# My 332nd Fighter Group Tribute



## ww2artist (Feb 20, 2007)

I have recently started building a tribute to some heroes of mine, the 332nd FG. I would like it to serve as both an informative and educational section to my site.

I must also mention, that while my website is a commercial venture, the tribute is my own personal 'project' and is worked on in my free time, as a 'labour of love' you might say. I will of course place my Red Tail art in the art section of the tribute, but the rest of it will hopefully interest guys and gals like ourselves, who are interested in the history, while also preserving the memory of those who made such sacrifices.
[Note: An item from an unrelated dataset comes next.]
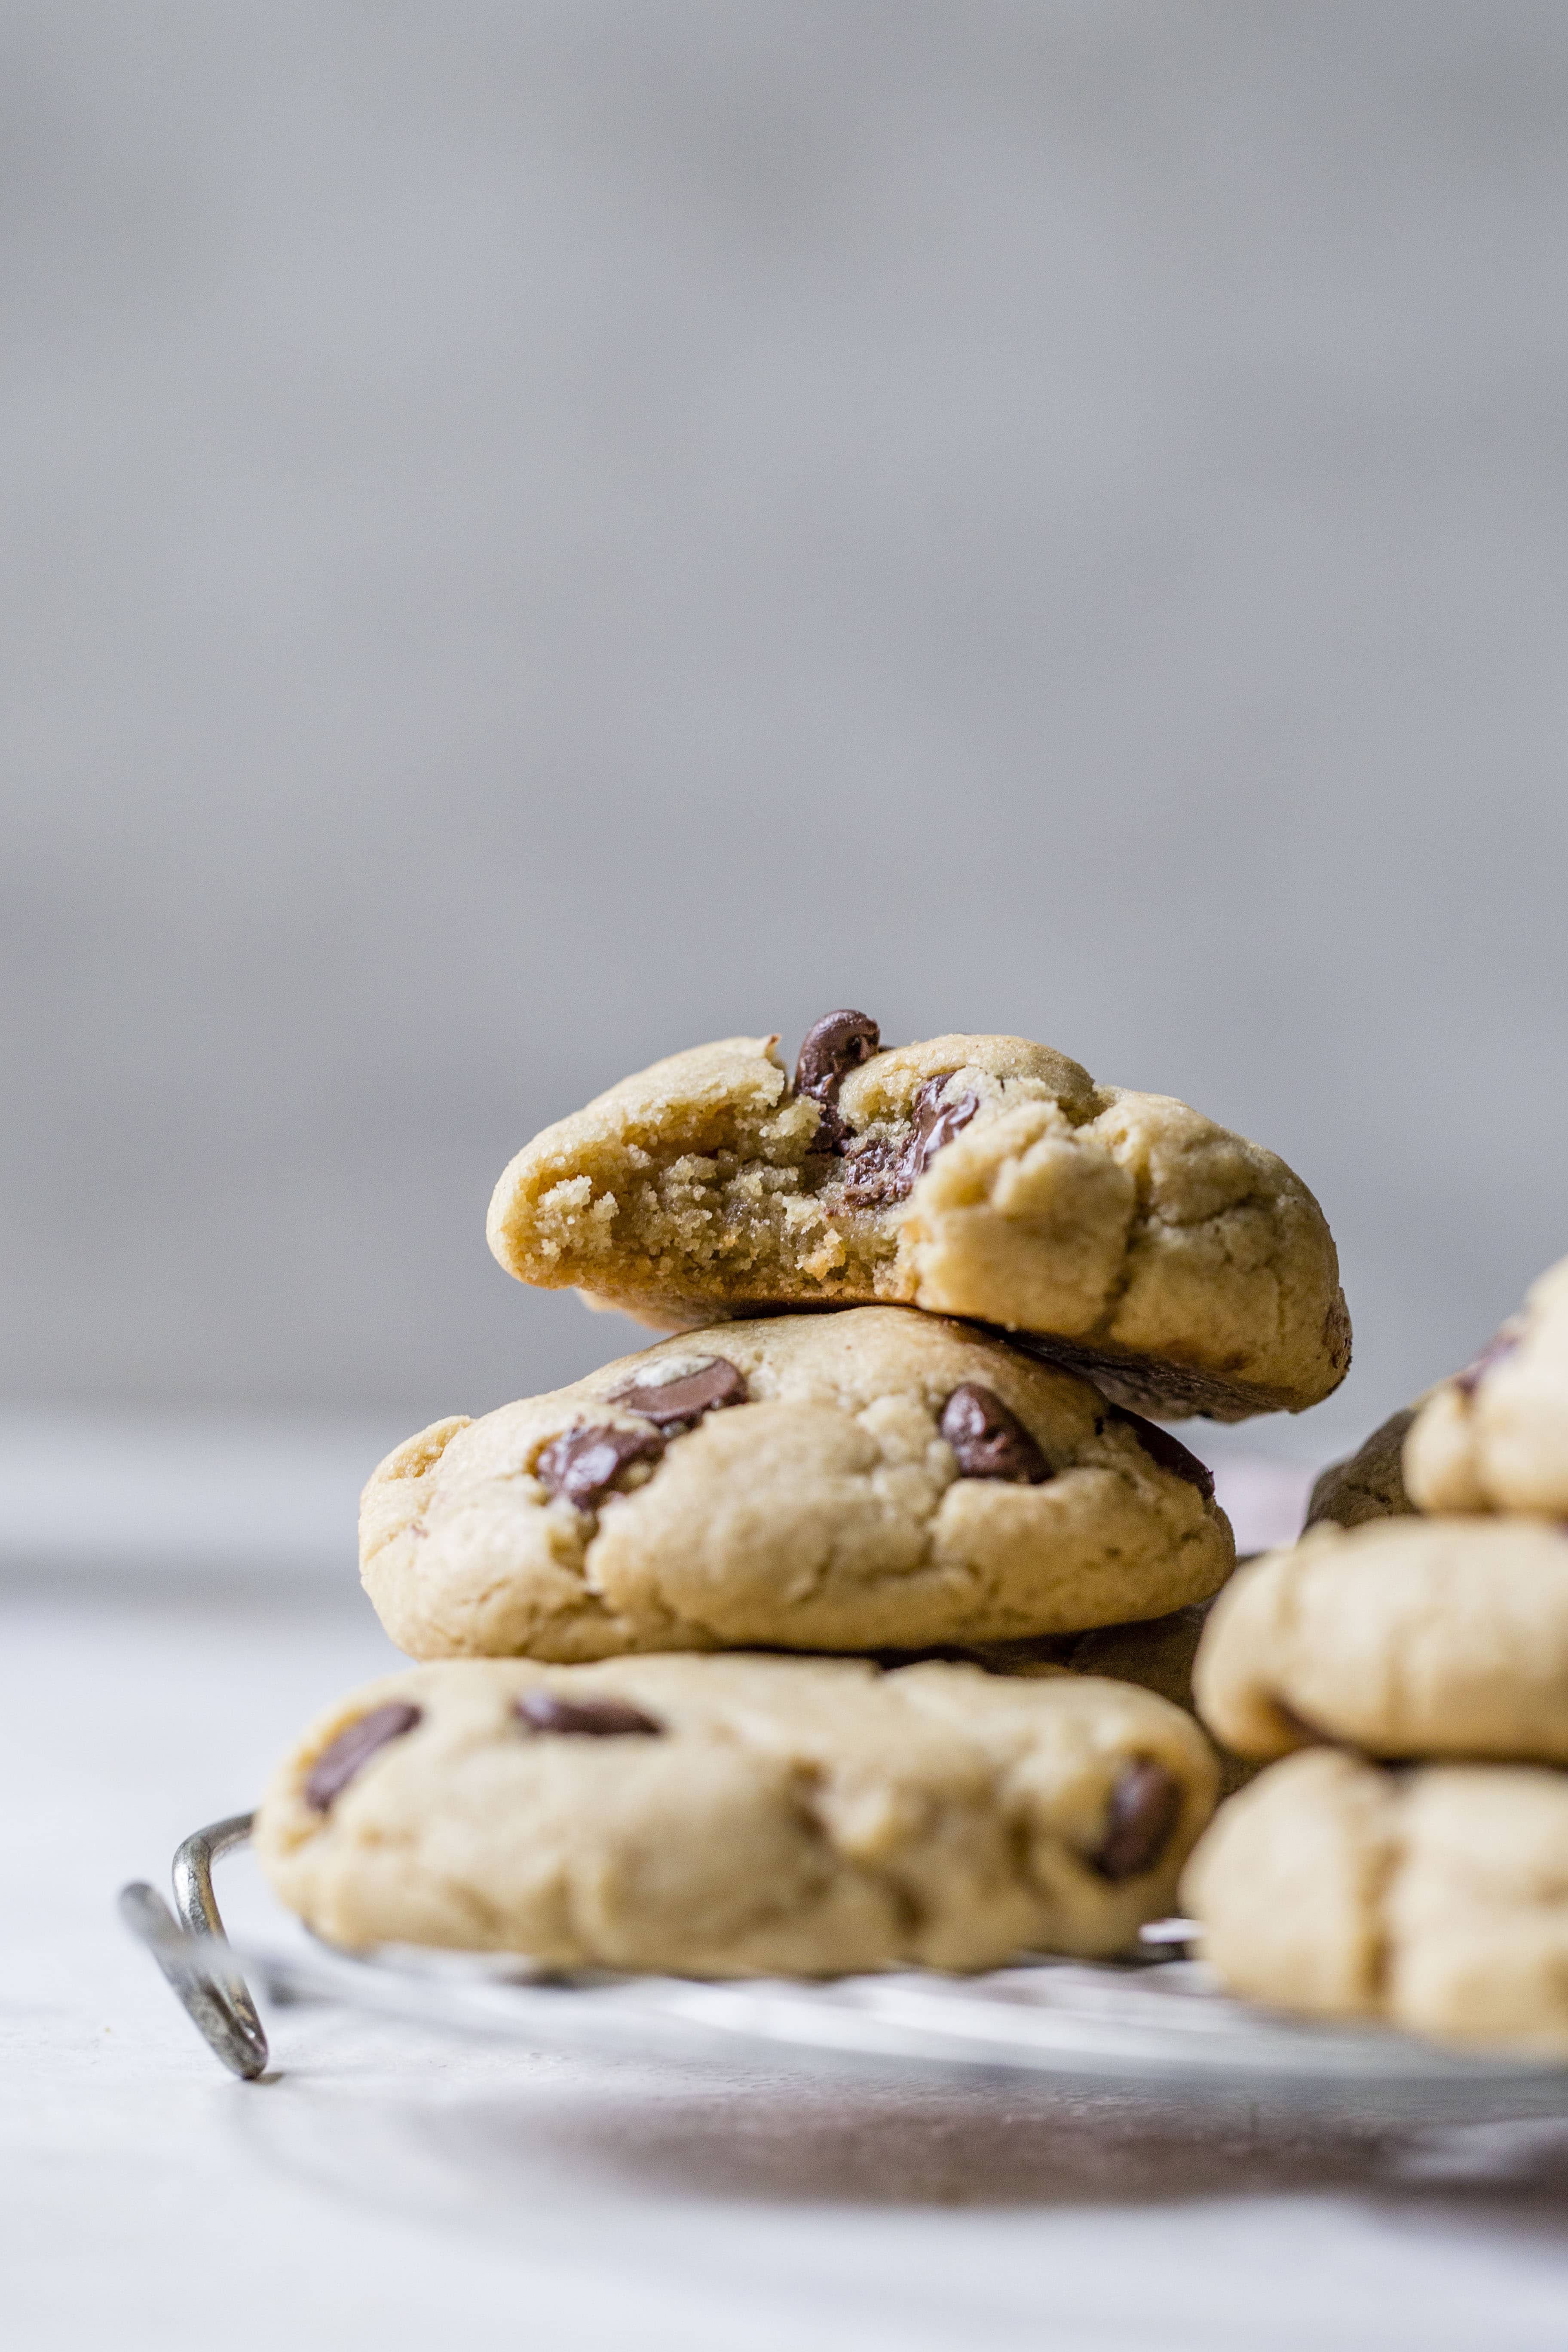 These puffy peanut butter cookies with chocolate chips are my most favorite peanut butter chocolate chip cookie ever! They are soft but also a little chewy and the combination is just to die for! Comes together super easily too. I howsweeteats.com #peanutbutter #cookies

If I can draw (excuse the pun) a few people to the tribute and they learn about this unit, then it's a worth while project. 66 of the airmen didn't come home, so this is for them!

http://www.blueskygalleries.co.uk/page42.html

When time allows I will add more photos, information, artwork, and any other bits and pieces of interest. 

Hope some of you will drop by and find some of the information of interest.

Thank you


----------



## Wurger (Feb 20, 2007)

Well done WW2Artist.I like the site.


----------



## ww2artist (Feb 20, 2007)

Wurger, thank you very much.


----------



## ww2artist (Feb 20, 2007)

Wurger, thank you very much.


----------



## Wayne Little (Feb 21, 2007)

Welcome ww2artist from down under. Like your site, and have bookmarked for more visits!!


----------



## Gnomey (Feb 21, 2007)

Nicely done. Some good stuff on your site.


----------



## R-2800 (Feb 21, 2007)

like the site!


----------



## ww2artist (Feb 21, 2007)

Gentlemen, thank you for looking at the tribute and your kind words.


----------



## John Cahill (Feb 25, 2007)

WW2artist, Yours is a fine site. Perhaps you would be interested in an anecdote. In the 1970s, I worked with a good ol' boy who had been a ball turret gunner on B-17s flying out of southern Italy. In conversation about his experiences, I will not recount the racist language he used when referring to flyers from the 332 Group. But he did say to me "When you saw those '51s with the red tails, man, you *knew* you were goin' to get home."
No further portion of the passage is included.